David Irecki, chief technology officer for Asia Pacific and Japan at Boomi, said the lack of data readiness is holding back artificial intelligence (AI) success in the Philippines.
“Confidence is just the beginning. Many organizations still struggle to define and execute their AI strategy, often hindered by a lack of data readiness,” Irecki said in an email to Manila Standard.
Boomi is a global software as a service (SaaS) company with more than 23,000 global customers and a worldwide network of 800 partners. As CTO, David leads the region’s efforts in advocating the future of AI in business with intelligent integration and automation.
According to PwC’s 2025 Global CEO Survey, 75 percent of Philippine chief executives trust AI in their core processes, and 88 percent expect AI to be embedded in their business processes and workflows over the next three years.
Key challenges include data that are siloed, inconsistent or lack the integrity to fuel AI initiatives. Boomi’s “Data Readiness for AI” report supports this, with 45 percent of global leaders admitting they still struggle with data quality despite its critical importance for AI outcomes, said Irecki.
He said that in building a smarter and more connected strategy, organizations should focus on two important things. These include ensuring that high quality, trusted data is fed into AI models to drive relevant and accurate outcomes and enabling seamless data flow or “data liquidity” by connecting systems so the right data reaches the right place at the right time.
“Without these core foundations, AI initiatives risk falling short,” he said.
“Ultimately, success in AI depends heavily on the quality of the data. That’s where having the right partners, like Boomi, becomes invaluable. We help organizations build an AI-ready foundation so they can create, scale, and govern their AI initiatives on trusted data,” he said.
Irecki said one of the most critical missteps companies make when deploying AI is failing to address foundational issues like disconnected systems, poor data quality and weak governance. Often, these challenges are tackled reactively rather than proactively, he said.
Organizational data is often scattered across disparate platforms — legacy infrastructure, cloud services and siloed business units. This fragmented environment prevents teams from accessing the real-time, unified data needed to effectively power AI, often resulting in AI models being trained on unreliable and incomplete information, he said.
“As the saying goes, AI is only as smart as the data it learns from. No matter how advanced an AI model may be, its output will be flawed if the underlying data is inaccurate, outdated or inconsistent,” Irecki said.
He said another common pitfall is when companies overlook governance until AI deployments have grown significantly. However, it is crucial not to wait until you have thousands of AI agents before putting governance tools in place, he said.
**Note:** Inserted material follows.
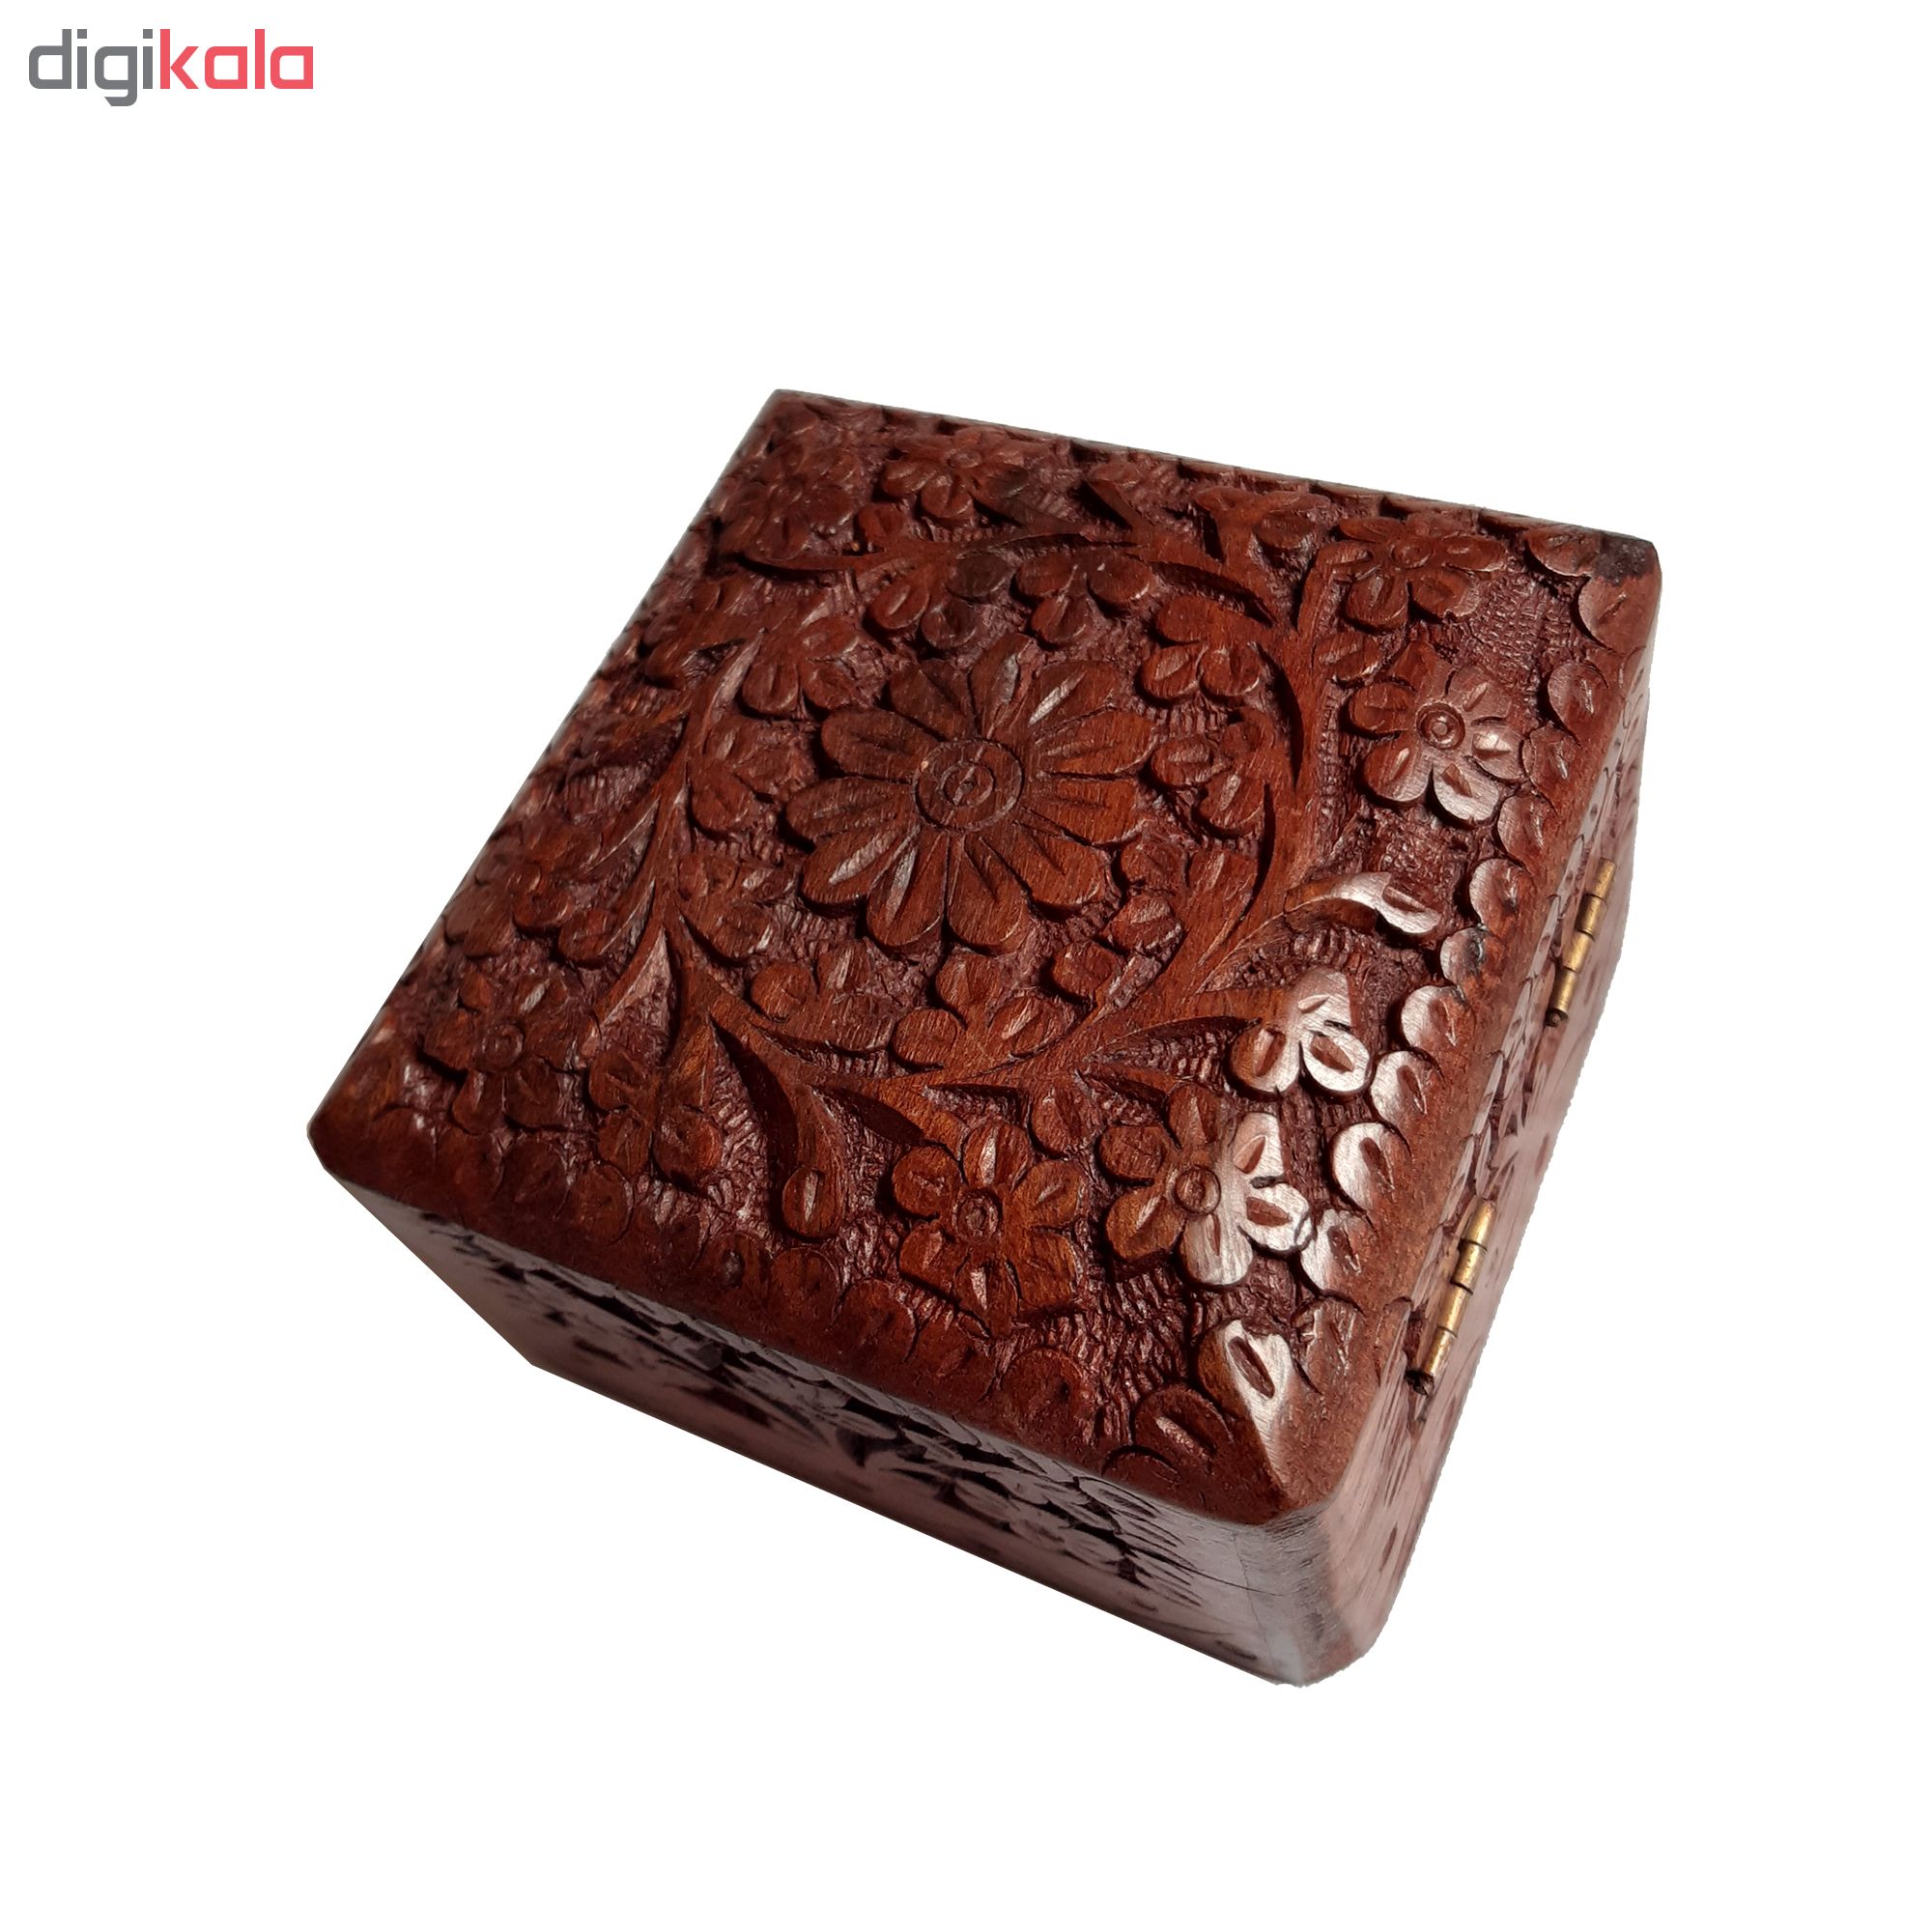 Handmade wooden carving gift box, HF-1010 MODEL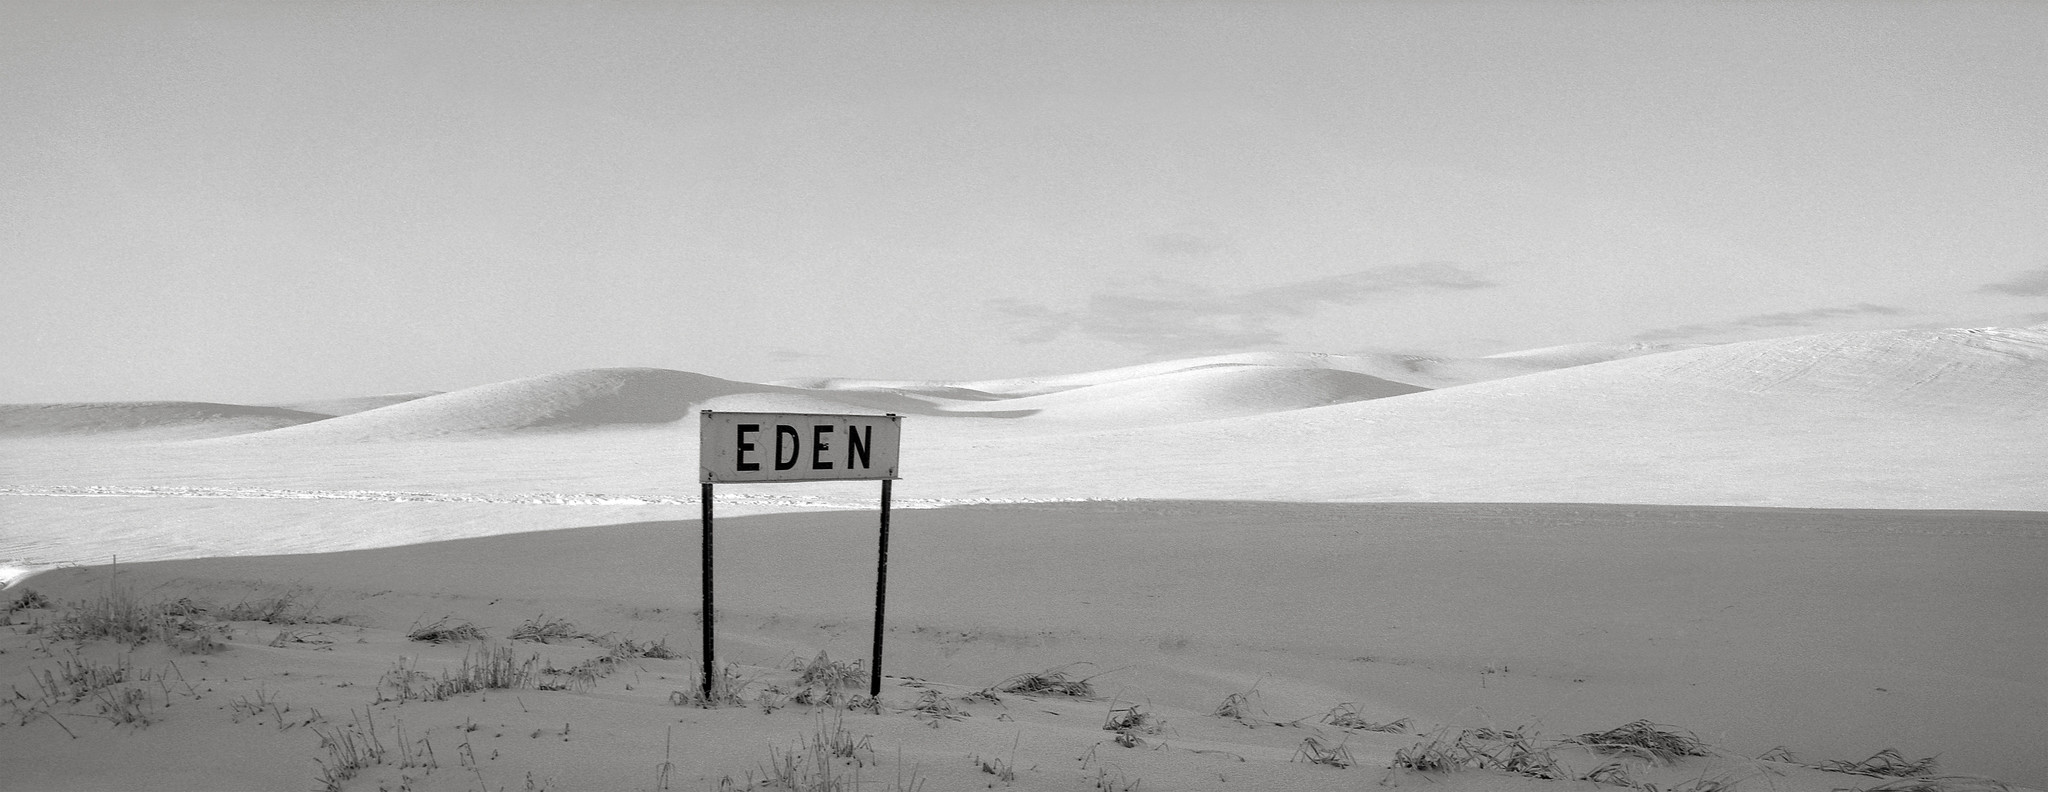 Eden, Washington | by austin granger

Without first getting governance right, prioritizing data quality and enabling data liquidity before deploying AI, your initiatives risk becoming a liability instead of a competitive edge, said Irecki.
He said application programming interfaces (APIs) are essential for successful AI-driven transformation. They serve as the connective tissue between AI agents and enterprise systems, enabling seamless data flow and process automation.
According to IDC, about 70 percent of APAC organizations expect agentic AI to disrupt business models within the next 18 months. These autonomous AI tools can reason, decide and adapt without human intervention.
As companies adopt agentic AI to boost operational efficiency, enhance customer engagement and support better decision-making, they would need to connect their AI agents to a broad array of systems and data sources. This is where APIs become indispensable, said Irecki.
He said, however, not all APIs are designed for AI use cases. As teams create new APIs to support diverse AI needs, they often contribute to “API sprawl,” a growing number of APIs that are hard to manage and govern. The complexity increases the risk of cybersecurity vulnerabilities and compliance issues, he said.
“Beyond ensuring that the data powering AI agents is accurate and high quality, Boomi also helps organizations conquer API chaos that comes with AI-driven transformations. With a solid data foundation and the right API management strategy, businesses are well-equipped to unlock the full potential of their AI investments,” he said.